Una
de las circunstancias más llamativas de la reforma de la Ley de Sociedades de
Capital (LSC) es la del lenguaje que ha invadido a este texto legal tras su
reforma por la Ley 31/2014. Es preciso recordar que se trata de una reforma que
tiene a la mejora del gobierno corporativo en el centro de su atención.
La
búsqueda de un buen o mejor gobierno no ha sido una simple cuestión
regulatoria. Son varios los criterios que vienen tratando de determinar desde
hace decenios los pilares de una buena gestión empresarial. Son muchas las
contribuciones procedentes de la organización empresarial, de las finanzas, de
la política o de las relaciones sociales, por citar las más fácilmente
perceptibles. Los juristas debemos tener presente que las recomendaciones en
esta materia están inspiradas en consideraciones heterogéneas. Quien lea el
Código Unificado de Buen Gobierno o el actual Código de Buen Gobierno de las
Sociedades Cotizadas se encontraran un lenguaje en el que abundan, junto a la
terminología propia de nuestra legislación societaria, otros términos
procedentes de ámbitos extrajurídicos. Porque ese concepto engloba reglas de
distinta naturaleza, relaciones entre los grupos participantes en una sociedad,
políticas, intereses, etc. Materia variada y terminología tan diversa como
imprecisa que trata de abarcarla.
En
el lenguaje de algunas empresas y de sus responsables aparecen a veces formas
de decir y explicar que distan de ser un modelo de claridad. En el gobierno
corporativo, como en todo donde la comunicación es esencial, la claridad en la
explicación suele ser uno de los fundamentos de la transparencia. Es sencillo
explicar lo que bien está. La labor se complica cuando el lenguaje debe
convertirse en el camuflaje de realidades empresariales difíciles.
Al
margen de esas consideraciones, en el orden normativo advierto que en la reforma de diciembre de 2014 la terminología
empresarial ha invadido nuestra LSC, que ha pasado a incluir en muchos preceptos,
algunos de ellos de especial trascendencia, términos que no tienen una
interpretación sencilla. No se trata de que esos términos no tengan un
determinado entendimiento general en el ámbito empresarial, organizativo o
financiero. Lo relevante es que en el plano jurídico, carecen de precisión. No la
tienen para determinar con el rigor que exigen normas imperativas, prohibitivas
o sancionadoras, los conceptos nucleares de las mismas. Ahí van algunos
ejemplos:
- lo “estratégico”: decisiones estratégicas
(art. 226.1), plan estratégico, carácter estratégico, estrategia fiscal (art.
529 ter);
- transacciones
[art. 229.1 a) y 529 ter.1 g)];
- funciones
ejecutivas (art. 249.3);
- funciones de
dirección (art. 529 duodecies.1);
- condiciones
estandarizadas [art. 529 ter. h)];
- activos
operativos (art. 511 bis);
- riesgo fiscal
[art. 529 ter.1 f)];
- estrategia fiscal
[art. 529 ter. i)];
- entidades de
propósito especial [art. 529 ter.1 g)];
- políticas [art.
529 ter.1 a)];
- dependencia
directa del consejo (art. 249 bis) y,
- altos directivos
(art. 529 duodecies 1 d)]
No
voy a aburrir al lector con nuevos alegatos sobre el lenguaje normativo.

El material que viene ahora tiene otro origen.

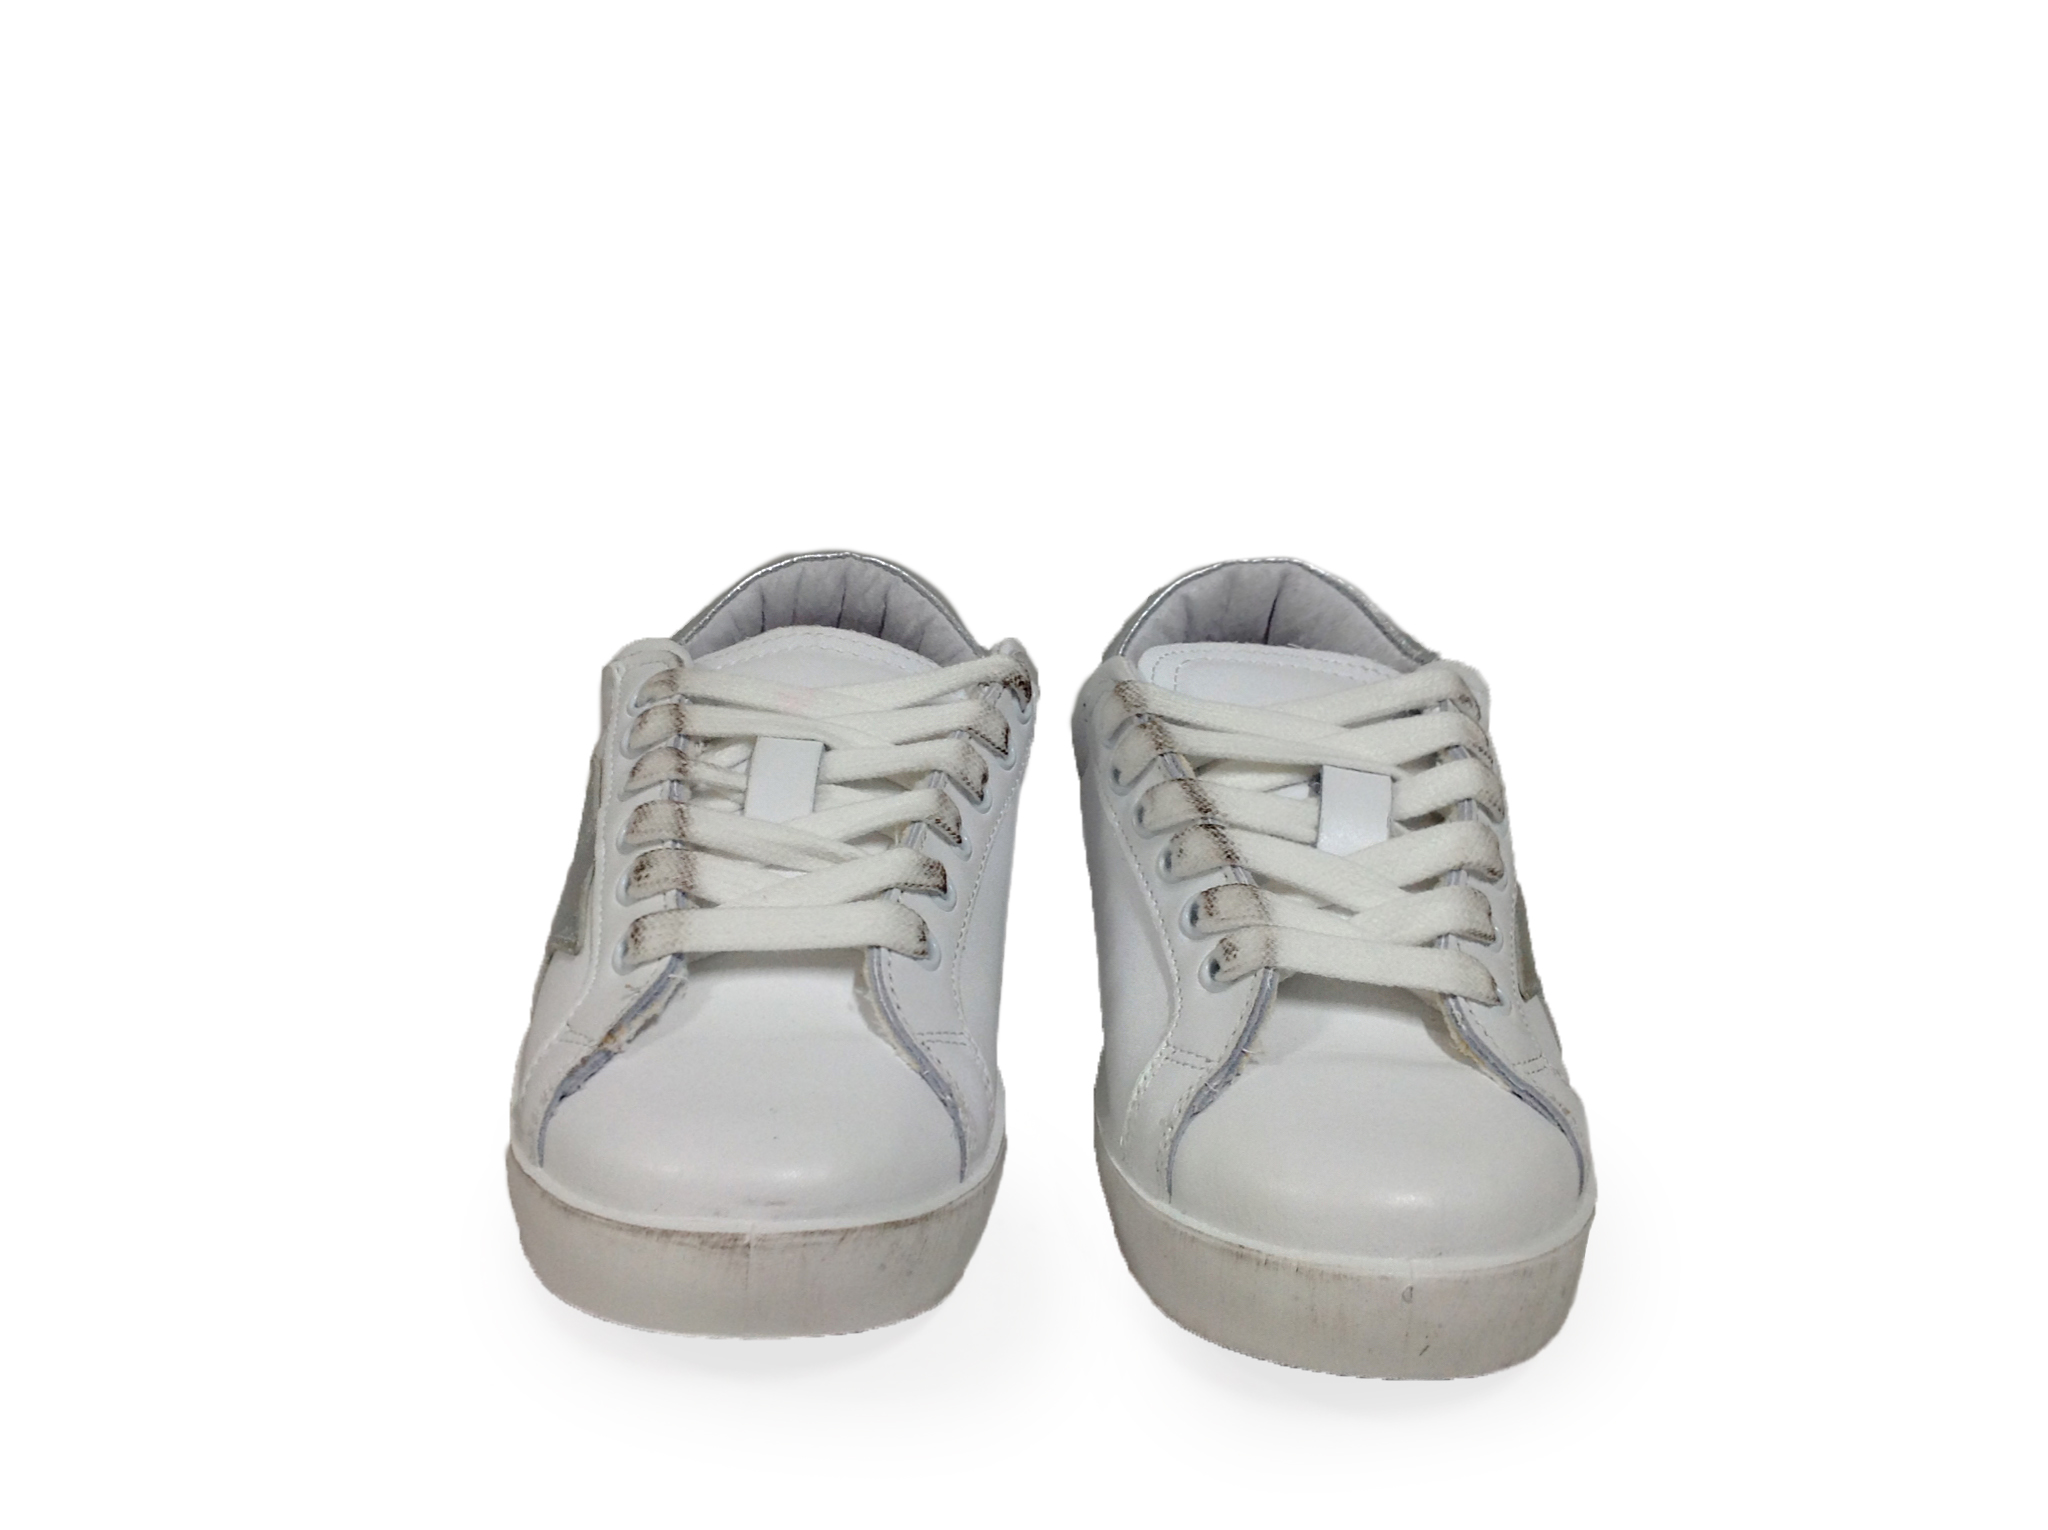 ... scarpe sneakers basse donna pelle bianca stella argento Nuovo Arish  made in ital ... 82e0cae8d80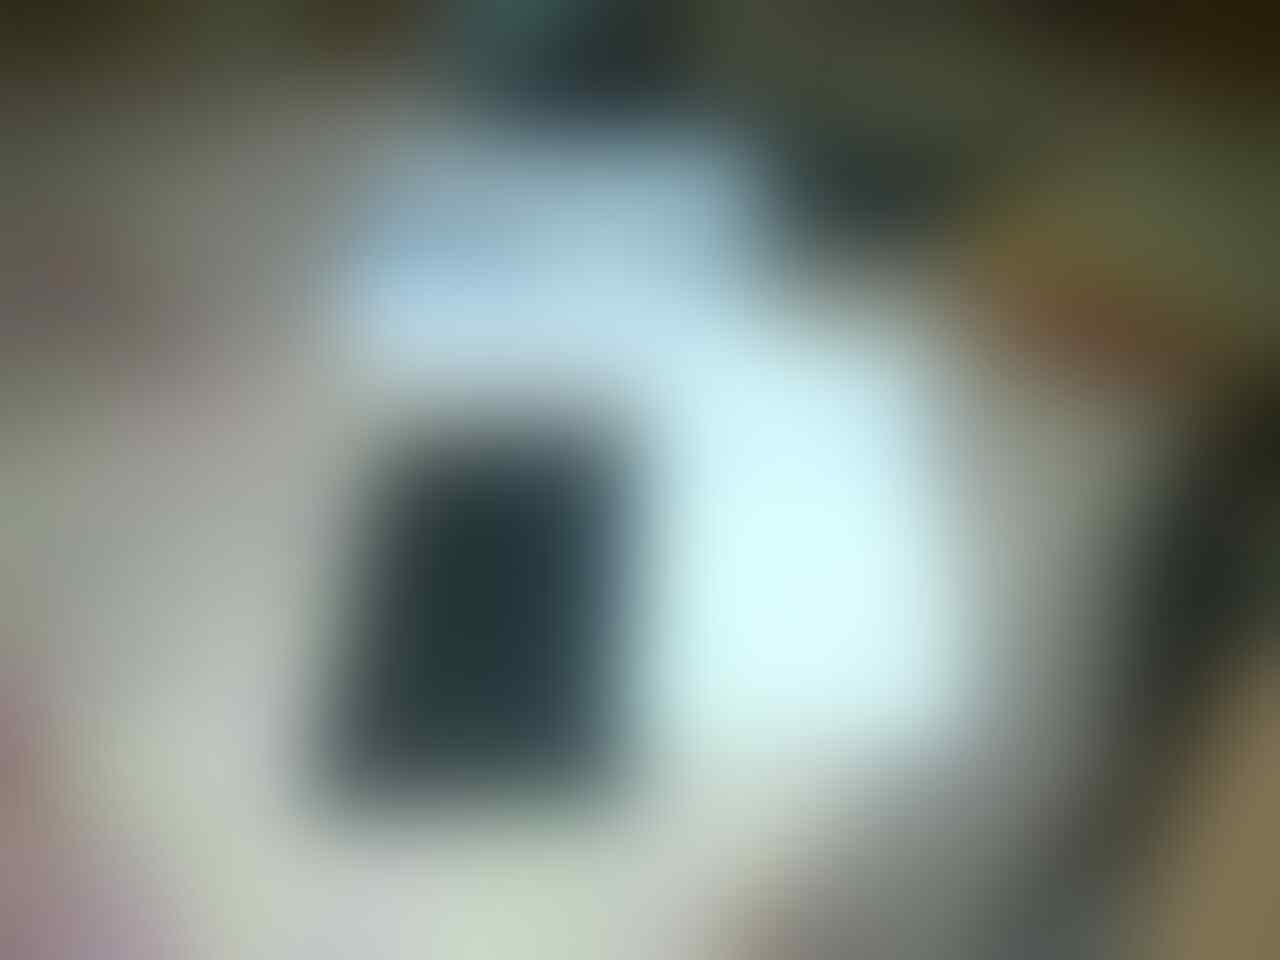 Jual Samsung Galaxy Tab 2 P3100 7.0 1 Bulan Pake Murah Mulus Bandung

Bastará con remitir a algunas y recientes obras que vienen llamando la atención
sobre la importancia que el lenguaje tiene para la calidad de nuestras leyes.
En el caso que planteo, la opción por “volcar”
en la LSC buena parte de las recomendaciones en materia de buen gobierno
debería verse acompañada de un esfuerzo de precisión de los nuevos términos y
conceptos, para aclarar y fijar el sentido que cada uno de ellos merece.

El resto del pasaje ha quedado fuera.